View attachment 58525

Sadly though I just didn't age all that well.


----------



## RadishRose (Dec 9, 2018)

IKE, you're a nut and I just luv ya!


----------



## RadishRose (Dec 9, 2018)

Gary O' said:


> Yeah, sorta puts me in the mind of someone else;



LOL, it's those luscious lips!


----------



## cdestroyer (Mar 19, 2019)

me brown water navy Vietnam 1971 "the Mekong Delta river rats"


----------



## ClassicRockr (Mar 19, 2019)

I enlisted in the Navy in early May 1968, to avoid the Draft, because I knew where the Army would send me. Got my Draft Notice at home, while I was at Navy Basic Training in Great Lakes, Illinois. Was stationed on the West Coast, aka 32nd St San Diego and Long Beach Naval Station. Made my first Westpac Cruise in December 1968 in escort of the aircraft carrier Kitty Hawk. 

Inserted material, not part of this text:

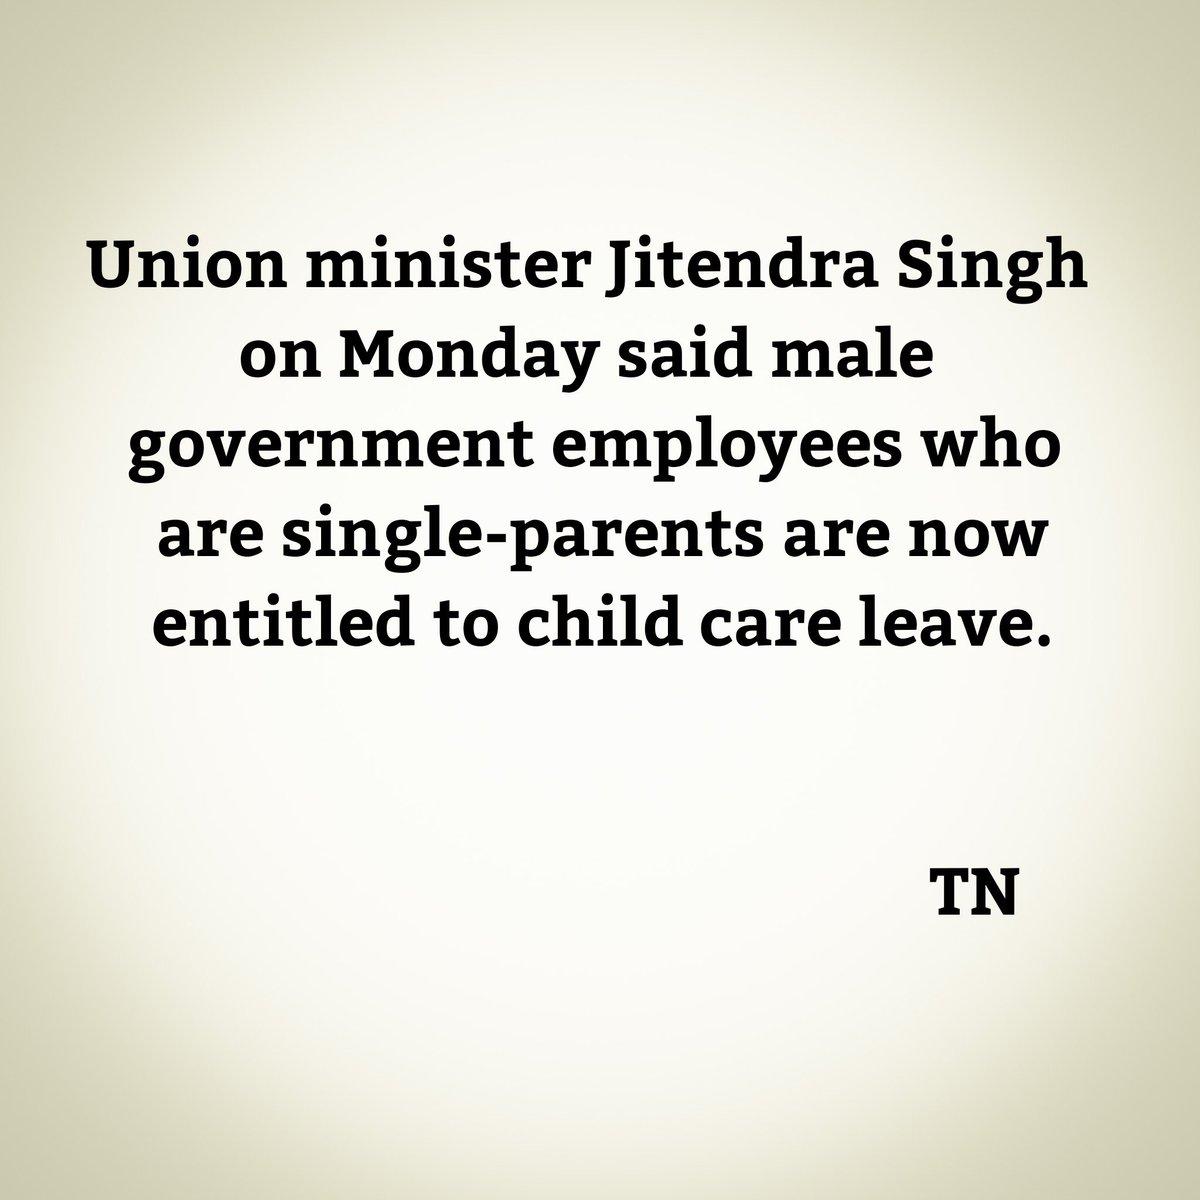 Union minister Jitendra Singh on Monday saidmale government employeeswhoaresingle parentsarenowentitledtochild care leave.#Governance #Newsnight #child #women #equality #INDIAN #justice #goodnotes. https://t.co/nu7fALc7sX

Only picture I have of myself back then is one of me at Basic Training Graduation in Sept 1968. Very short hair, skinny as in 98 pounds and 6 foot tall. 

Actually, my wife prefers to see me sitting on a horse, rope in-hand, wearing Western clothes. Have to agree with her.


----------



## Sassycakes (Mar 23, 2019)

Very handsome men here and I admire and thank you for all you did for our country. My Husband served in the navy from 1965 to 1969. I wish I had his picture in his Uniform. He is still as Handsome as he was then, just like all of you guys.


----------